Czech Research Library before 1990: External Ties

2. The publishing world was strictly regulated under the previous regime: all publishing houses were state enterprises (any other attempt at publishing was punishable by law), and all materials had to pass the scrutiny of the state (political) censor. Not everything that was published was necessarily political trash, and editions were limited; the resulting economy of shortage created a high demand for printed material, particularly modern fiction, translations from foreign languages, and the literary weekly [hence "Seller's Market"]. Libraries benefited from this situation. Because all state scientific and research libraries were recipients of the legal deposit, their (domestic) acquisitions were, de facto, guaranteed. At present the number of libraries covered by the deposit requirement has been reduced from some three dozen to half a dozen. This change was meant to ease the burden on publishers and give the libraries a freer hand in building their collection in a "competitive marketplace." But considering the severe cuts in the budget, many of the libraries cannot begin to fulfill even the most Spartan acquisitions policy. For the same reason publishers, of whom there are many and all of whom are private and competing for the readers' attention, do not consider libraries as important parts of their market.
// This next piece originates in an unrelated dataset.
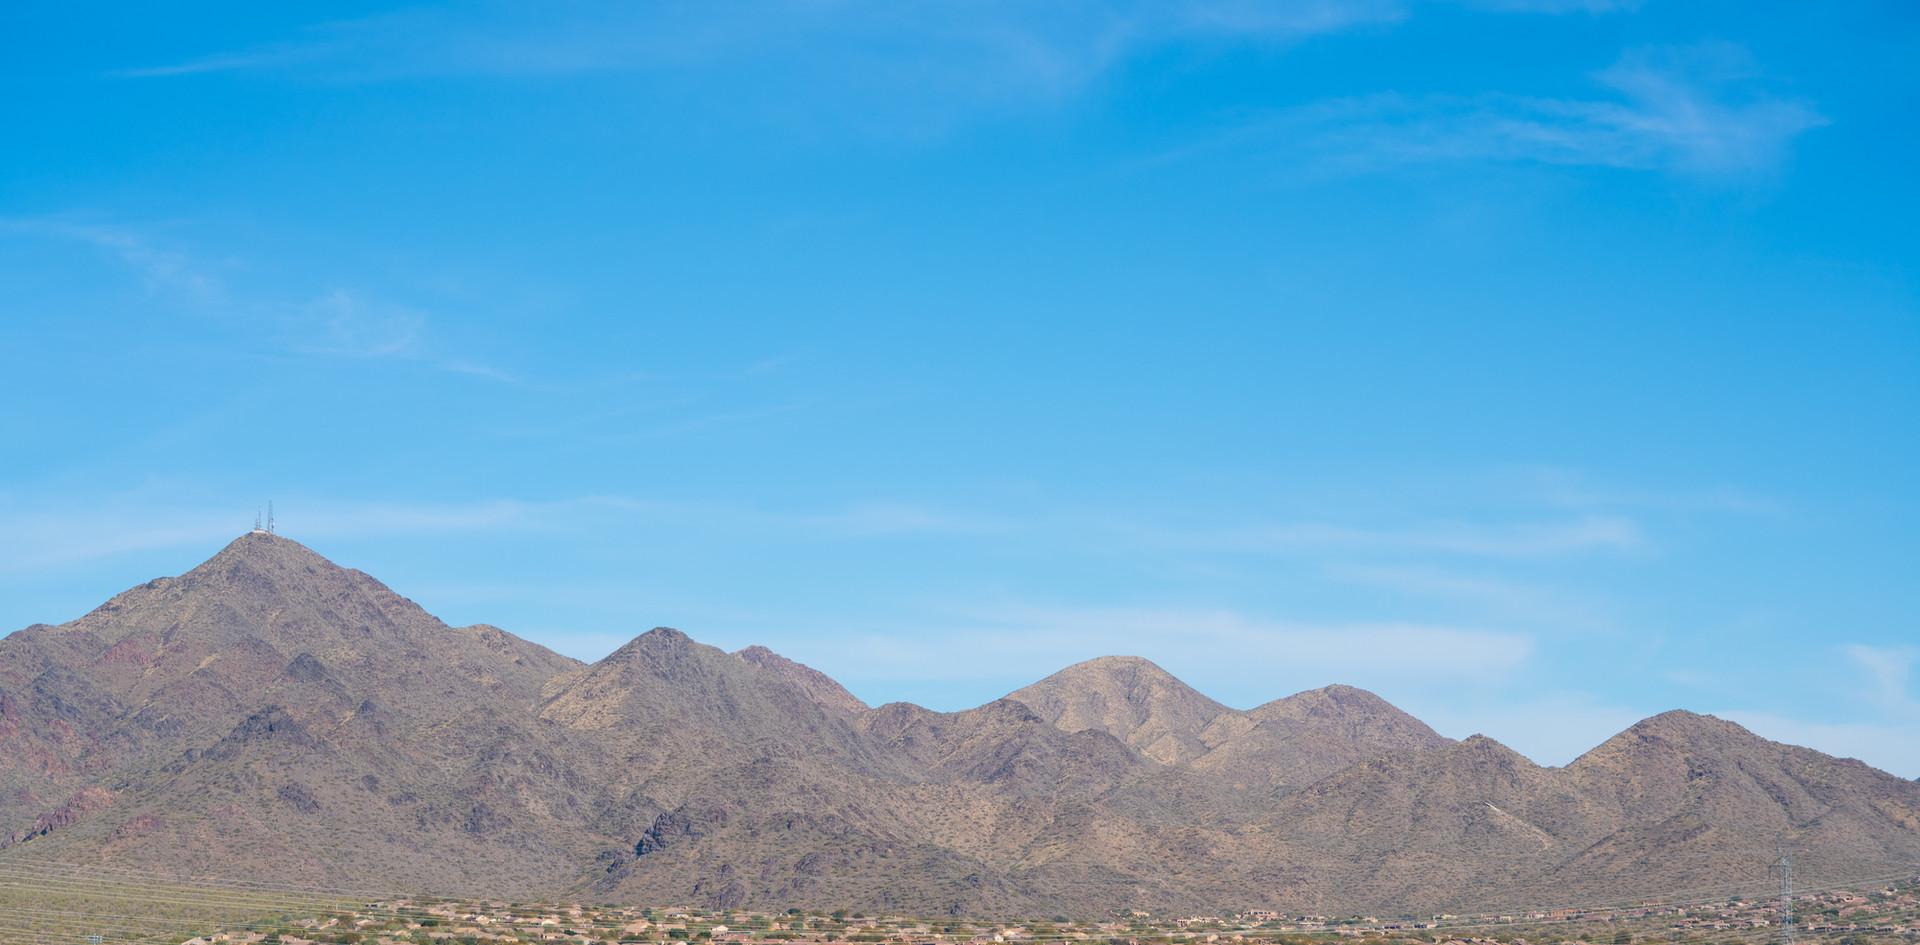 DSC08196-2 mountains.jpg

Furthermore, many of the small and often short-lived houses do not bother to apply for the ISBN or to send at least one copy (the legal deposit law is impossible to enforce) to the National Library, which, in turn, cannot fulfill its mandate of maintaining the national bibliographic record.

― 215 ―

Figure 13.2.
Czech Research Library after 1990: External Ties

3. During the Communist era, access to materials was limited for several obvious reasons: political control (books on the Index, limited number of books from Western countries, theft) or deliberate neglect (the progressively deteriorating storage conditions eventually made it impossible to retrieve materials). Over the years there was less and less correspondence between the card catalogs in the circulation room and the actual holdings, and as a result, students and scholars stopped using the National Library in Prague because it was increasingly unlikely that their requests would be filled. This situation was also true for current Czech or Slovak publications because of an incredible backlog in cataloging or because the books remained unshelved. Of course, in such a system there was no place for user feedback. Since then, some notable improvements-many of them due to Mellon and other initiatives-have been made in public services, such as self-service photocopying machines and, to remain with the example of the National Library, quick retrieval of those volumes that have been reshelved in the new depository. Also, readers are now used to searching the electronic OPACs or using the CD-ROM databases in the reference room. On the other hand, the backlog of uncataloged books is said to be worse than before and, with acquisitions cut back and the legal deposit not observed, the reader continues to leave the circulation desk empty-handed. The paradoxical situation is not lost on the reader: if the books are out of print or, as is more often the case these days, their price beyond what readers could

― 216 ―

afford, going to the library may not be a solution either. So far the basic library philosophy has remained the same as it has throughout its history: although there is concern for the user, libraries are not genuinely "user driven" (only a few university libraries have adopted an open stack policy) and, as far as I can tell, user feedback is not a key source of information actively sought, analyzed, and used in setting priorities.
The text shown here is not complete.